- **YOUR INSTRUCTIONS**:
The data below is to be transcribed word for word; pictures are to be excluded.

- **RECORDED DATA**:
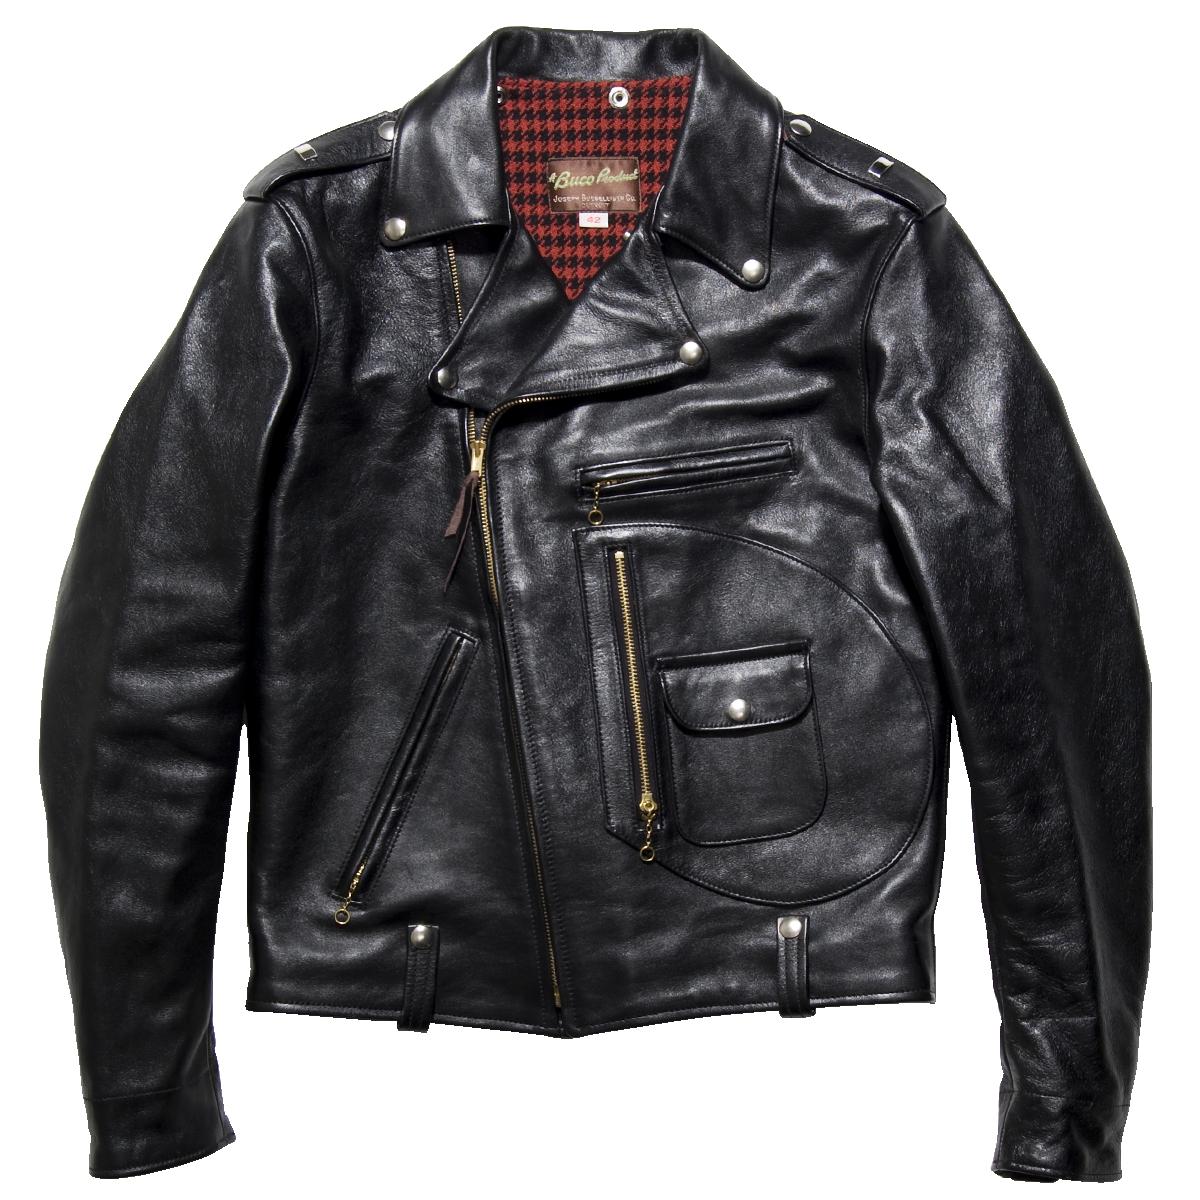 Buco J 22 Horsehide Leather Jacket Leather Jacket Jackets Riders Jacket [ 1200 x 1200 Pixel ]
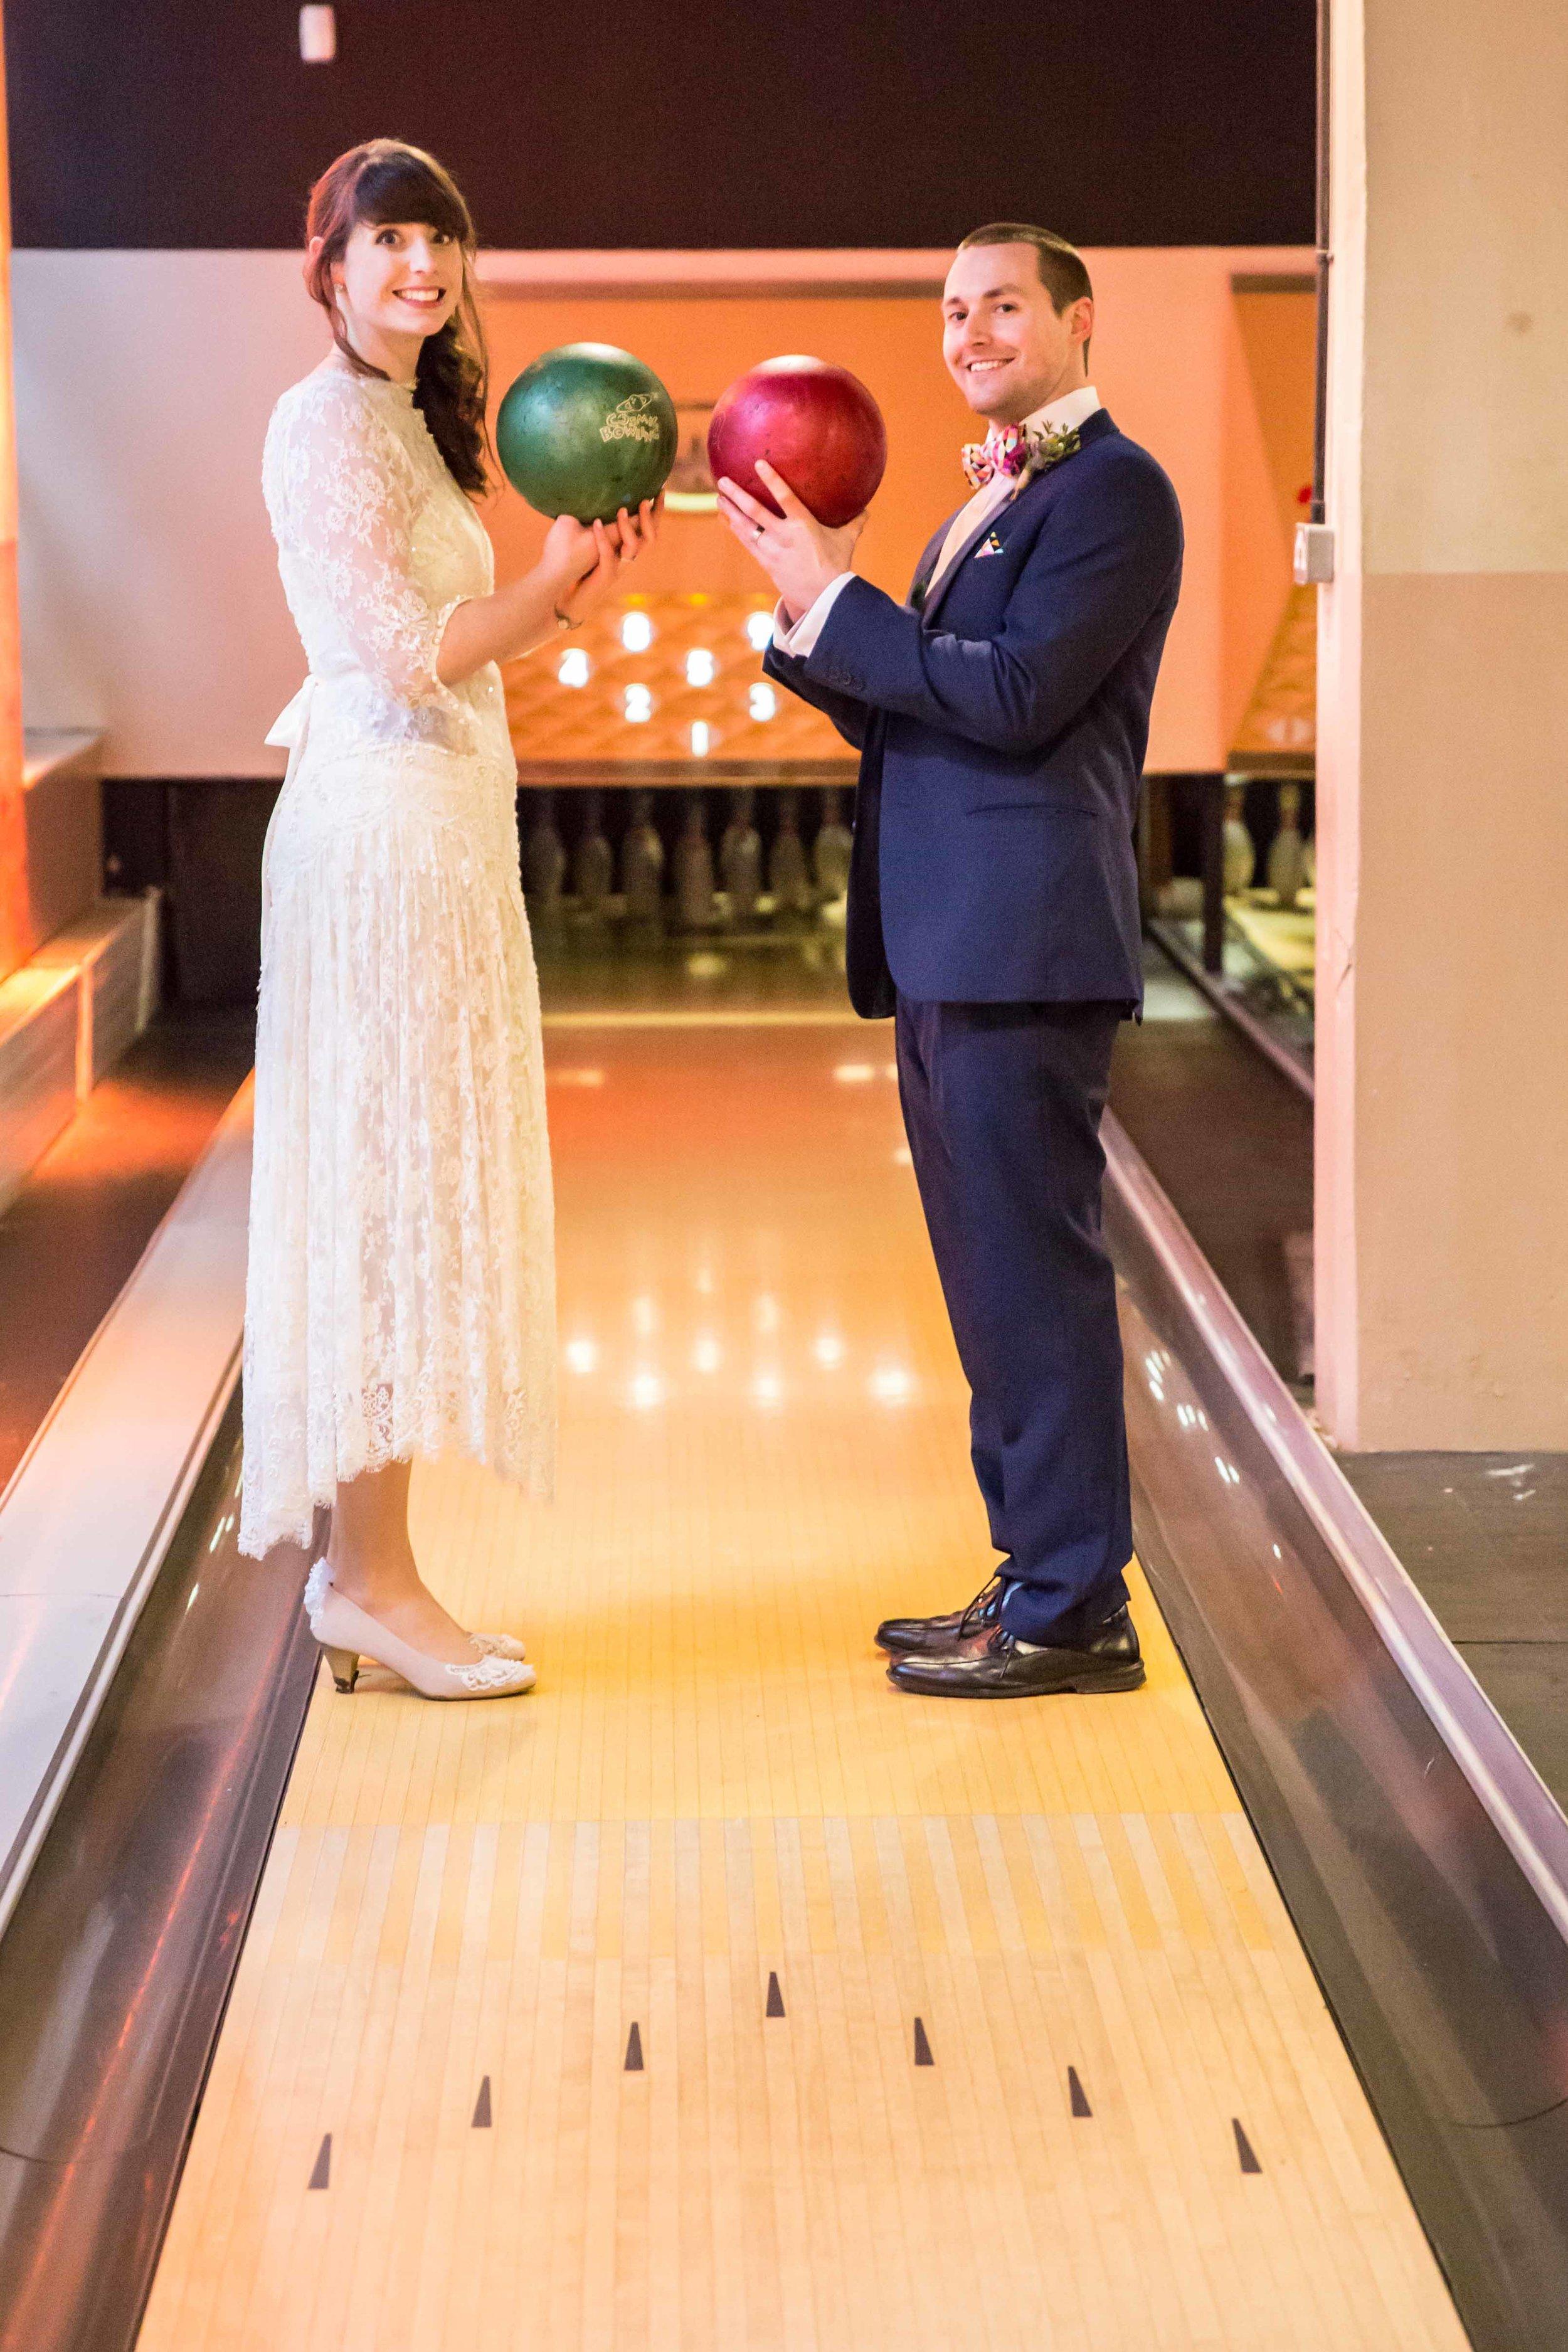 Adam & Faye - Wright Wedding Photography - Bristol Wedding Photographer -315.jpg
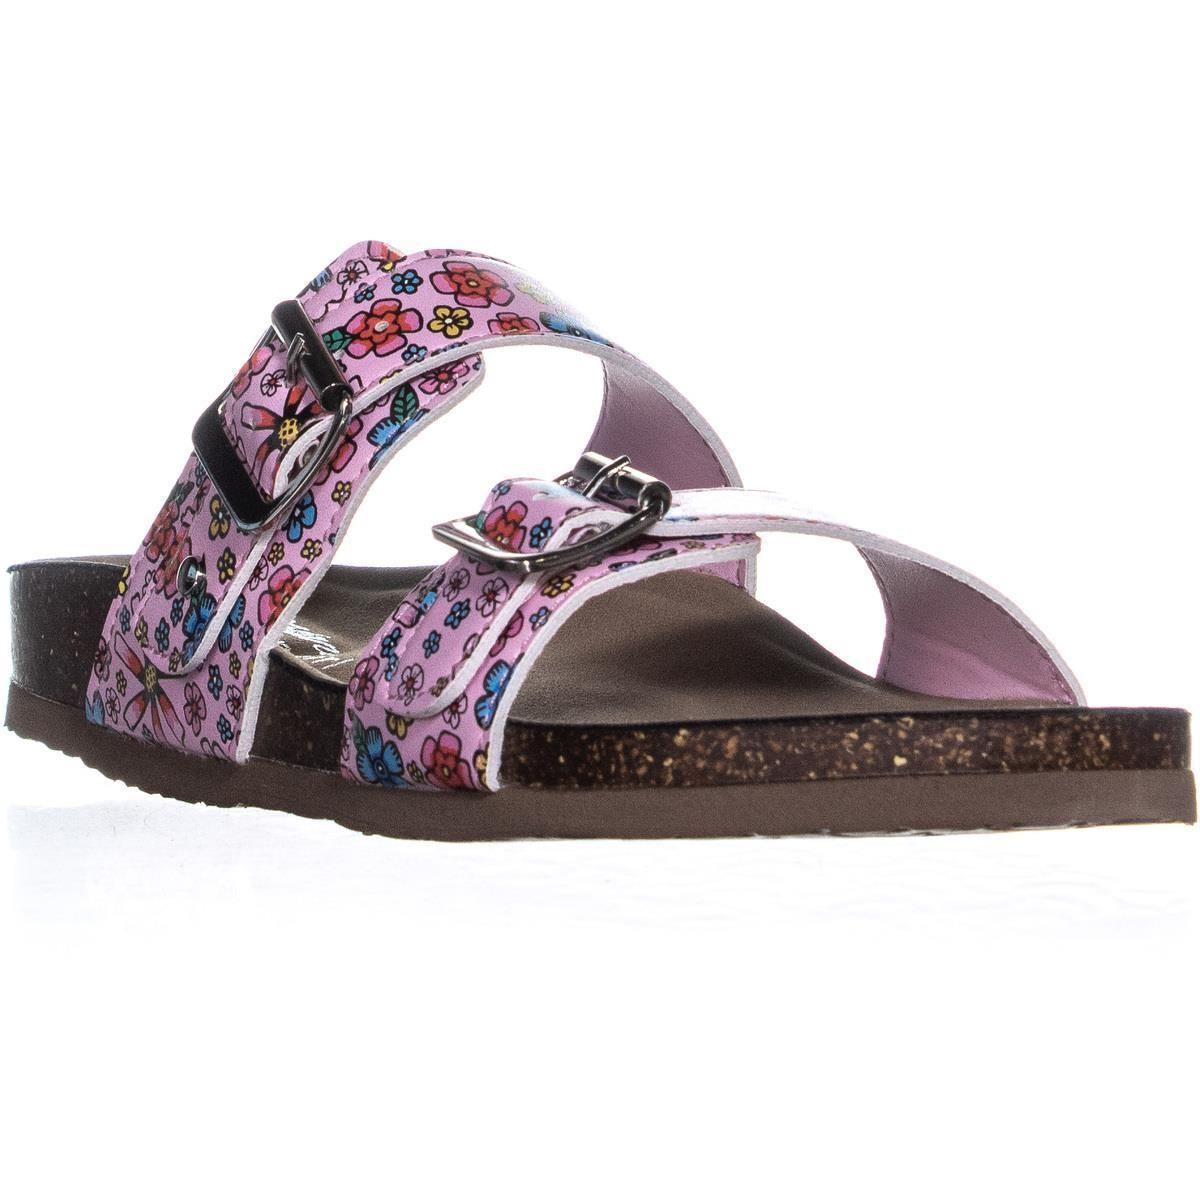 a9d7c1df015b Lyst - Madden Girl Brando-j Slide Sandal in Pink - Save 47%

- **TASK SOLUTION**:
 Buco J 22 Horsehide Leather Jacket Leather Jacket Jackets Riders Jacket [ 1200 x 1200 Pixel ]
 Adam & Faye - Wright Wedding Photography - Bristol Wedding Photographer -315.jpg
 a9d7c1df015b Lyst - Madden Girl Brando-j Slide Sandal in Pink - Save 47%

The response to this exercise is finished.